The next seven courses were amazing, scampi tails, lobster and beef, beautiful salads with roe and sorbet for dessert. It was astonishing, something I had rarely experienced before. None of the ingredients were new to me, but I've never had food prepared with such exquisite care and attention to detail. Little edible flowers and streaks of sauces were laid out on the plates, making the food a feast for the eyes.
The wine was impressive. We had five glasses all up, each one a flavour to compliment the food. I know I was a little inebriated by the end.
Liam wasn't sober either. The wait staff seemed to take it in stride, carefully clearing away our plates while avoiding Liam's flailing arms as he told me stories. Liam liked to talk with his hands when he was drunk, evidently.
As the night went on and the alcohol flowed, we both became much more relaxed and open. Our conversations flowed as they had on the phone over the last couple of months. He told me stories about his family and growing up in London. He mainly talked about his two brothers. I told him more about my older brother, David and the horrible things he did to me as we grew up. We compared notes to see whose siblings were the worst.
When the bill arrived, Liam paid. He insisted, saying he asked me out so he should pay.
"Don't you mean begged me to out with you?" I asked, teasing.
Liam pretended to be offended but conceded immediately, "I suppose asking nearly every day for a month is begging. I'm glad I did." He put his arm on the back of my chair and leaned in close, our noses nearly touching. "Did you enjoy dinner?"
I felt heady being so close to him. Either it was him or the wine. I closed my eyes as his nose nudged mine. I heard someone coming up the stairs, and I pulled away.
The waiter returned Liam's card and offered to call us a taxi.
While we waited in the restaurant's foyer, I thanked Liam for a great night and kissed him on the cheek. His rough face pricked my lips, making them tingle.
I ran my finger along his jaw, feeling his short, sharp beard and his smooth skin on impulse. I smiled as I went.
"What are you doing?" Liam asked, his voice playful.
I shrugged, "I don't know. I've just had the urge to do that since I first saw you."

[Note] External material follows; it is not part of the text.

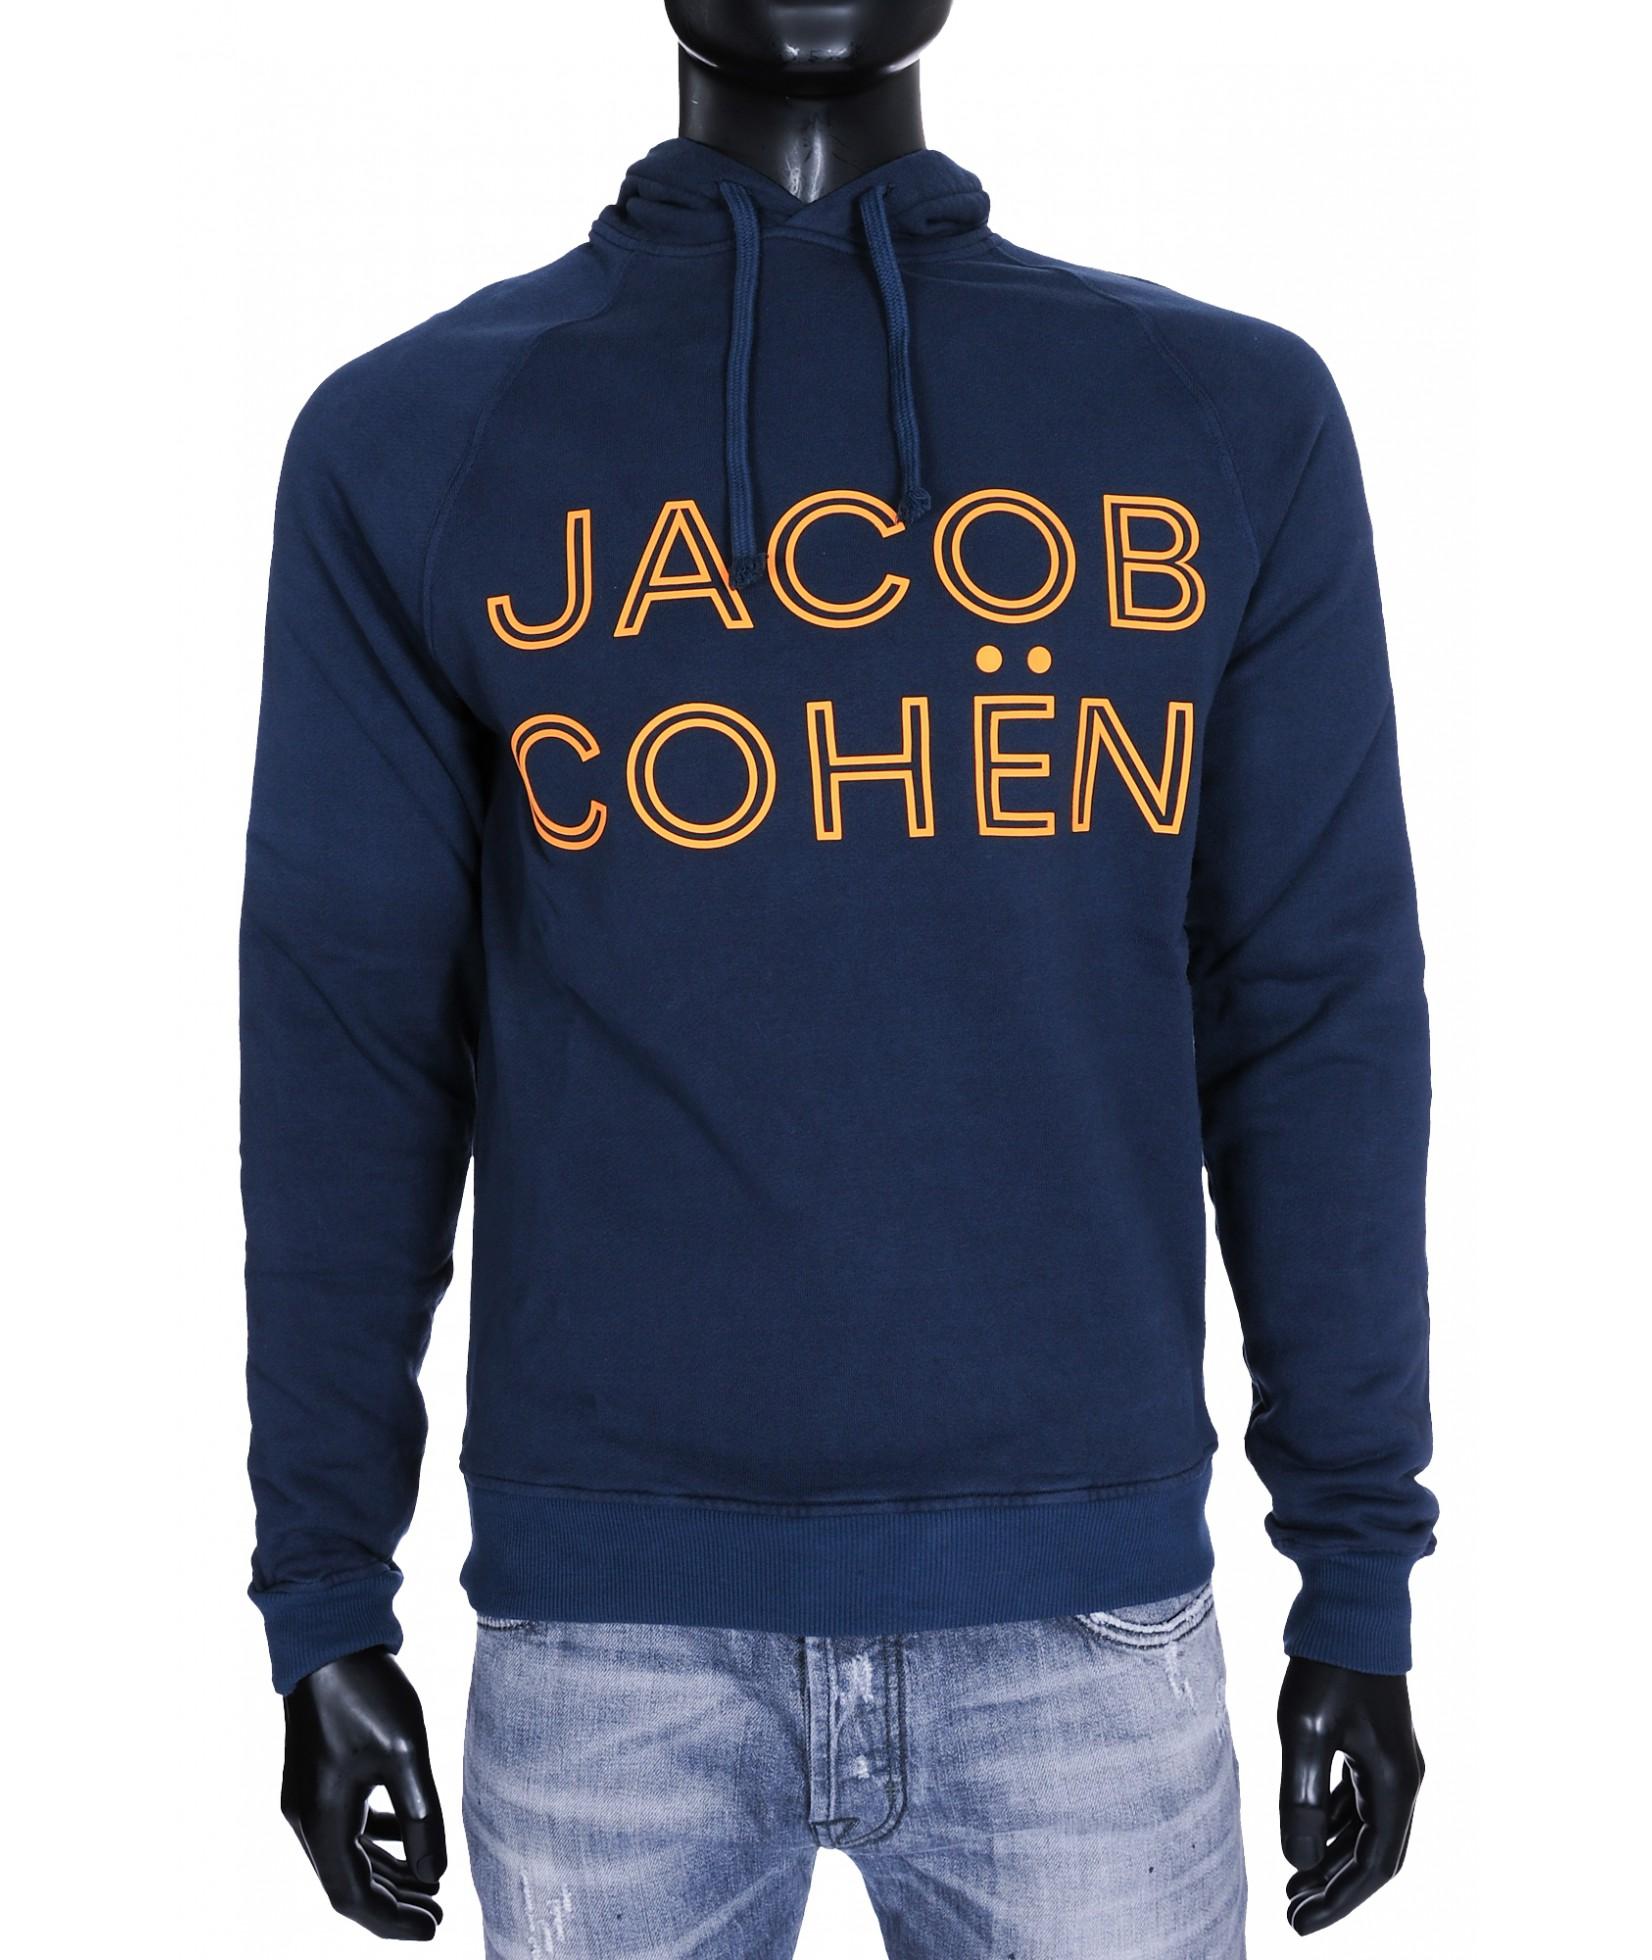 Jacob Cohen Hoodie Donkerblauw (31433)
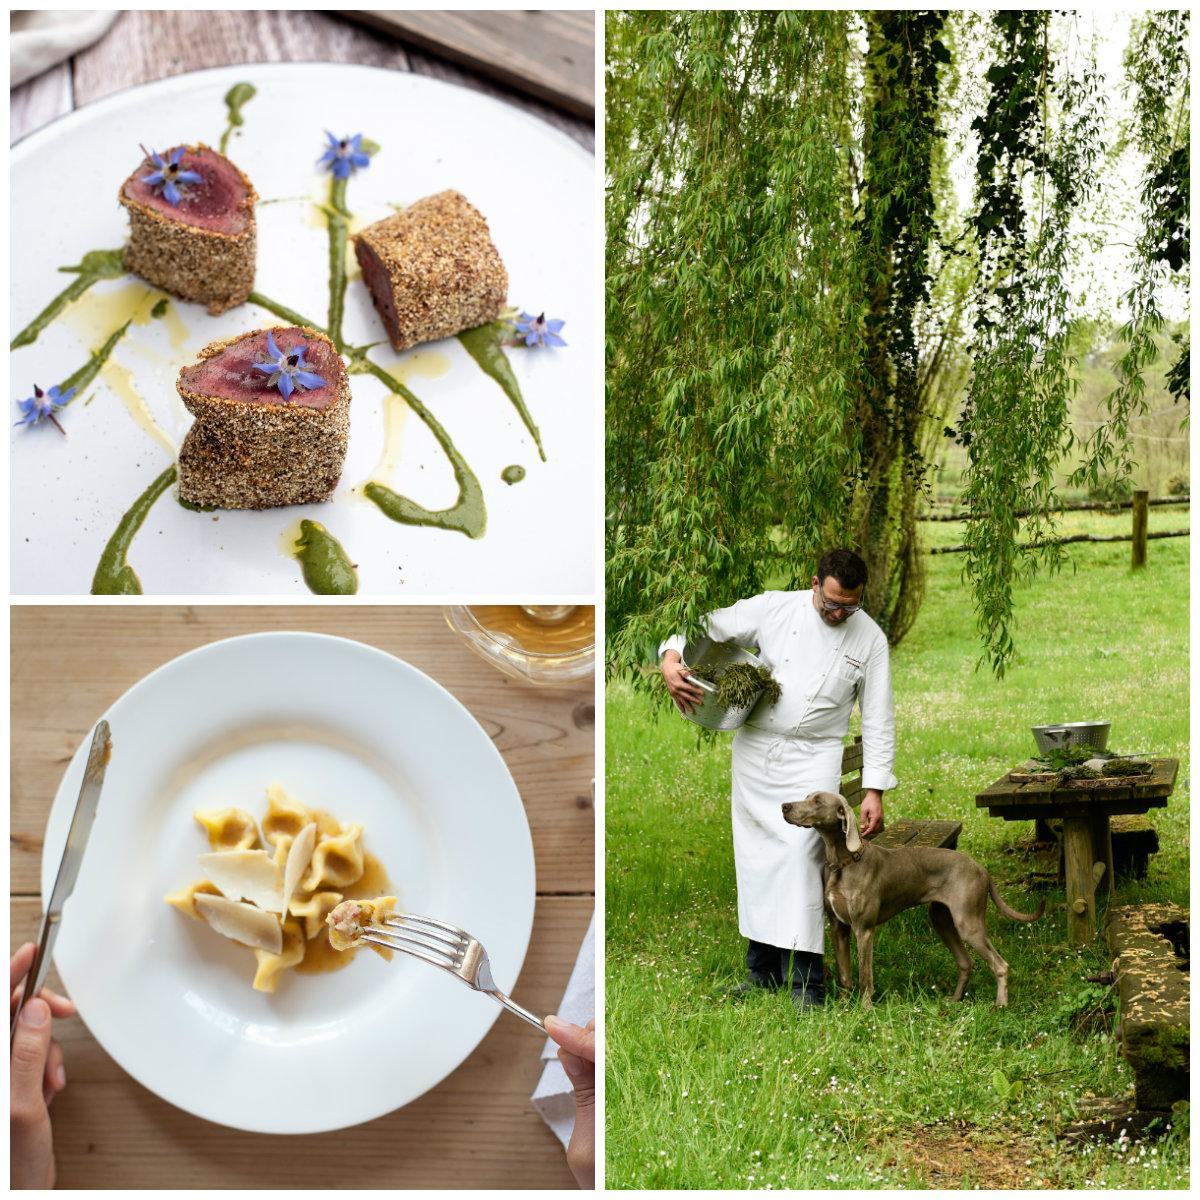 la-subida-intervista-foodlifestyle

"Do you like it? The hair, I mean." I nodded. "Then I'll keep it as long as I can." Liam took me in his arms. "You feel nice," he said, voice a little slurred. I blushed. I felt like I had spent most of the night blushing. Liam kept picking strands of hair off my face and putting them behind my ear. I looked up into his eyes as he played with my hair.
"Come back to my place, Sweetheart?" Liam asked. I laughed and raised an eyebrow at him, and he laughed with me. "I don't want tonight to end yet. I've waited so long to meet you."
Andy's face appeared like an apparition. For a moment, Liam was Andy, and I was standing in his arms again. He had been taller than Liam but not as muscular, hair not as dark, skin not as pale. But then Liam said my name, and Andy vanished. I had definitely had too much to drink, or was it the old guilt resurfacing?
I shook my head as if it would erase the thoughts. I put a smile on my face and pretended to think it over, "Mr Cross, you're very bold."
"Indeed, Miss Walker." Liam grinned, playing along. Mrs Walker, I thought but didn't say.
"Very well, Mr Cross, I shall accompany you back to your home."
"Very good, Miss Walker." Liam lifted my chin and placed a light kiss on my lips.